Unlocking solar potential: The path to net zero through innovation

UK renewables face a huge connection challenge:
For solar nearly every new project between 5kW and 50MW is grid constrained. The current grid reform should make a huge difference but if we are serious about reducing the multi £bn cost of grid upgrade, we need innovation to exploit every connection to the full.

This is where solar tracking can change the rules of the game. Unlike fixed solar panels, trackers can generate more energy in the morning and afternoon without any additional capacity. This means that we can produce more energy when its needed most – matching peak demand and alleviating grid congestion. This has multiple benefits: longer daily solar generation leads to lower grid investment, better alignment with onsite energy needs, reduced exposure to price volatility and increased project returns.

One yardstick of our progress as a sector is solar load factor, a measure of the efficiency of electricity generation. The Department for Energy Security and Net Zero dataset for FIT solar (up to 5MW capacity) shows that solar load factors are consistently falling, whether you take into account either average irradiance (i.e. the northwards progress of installations) or the sunshine hours, as shown below.
We are going backwards!

Solar trackers can reverse this trends and extend the footprint of solar even further north.
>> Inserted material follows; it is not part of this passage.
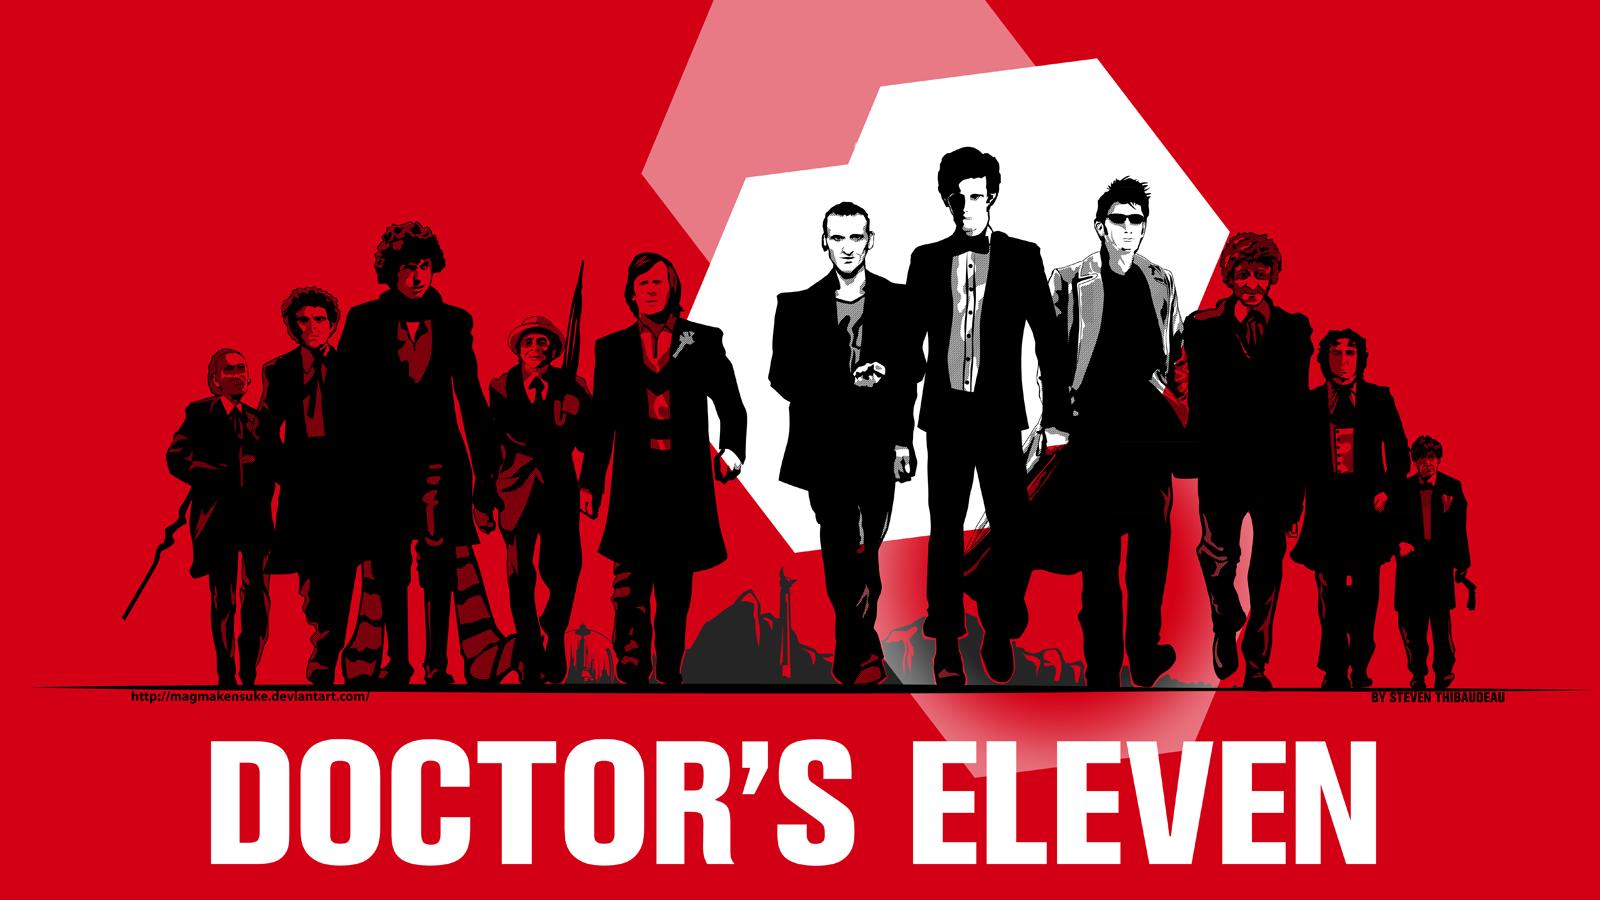 Future Doctor Wallpaper an Error Occurred

In fact, if every solar project in the UK’s pipeline switched to trackers, we could generate enough additional clean energy to power 4.5 million homes. This is not a small opportunity, it’s a transformative one!

How to achieve this?
To fully realise this potential, we need grid reform and a policy that recognises and supports innovative technologies like solar trackers. We must create a framework where these solutions can help ameliorate grid constraints and reduce grid investment costs.

Let’s unlock the full potential of solar and keep the UK’s energy transition on track.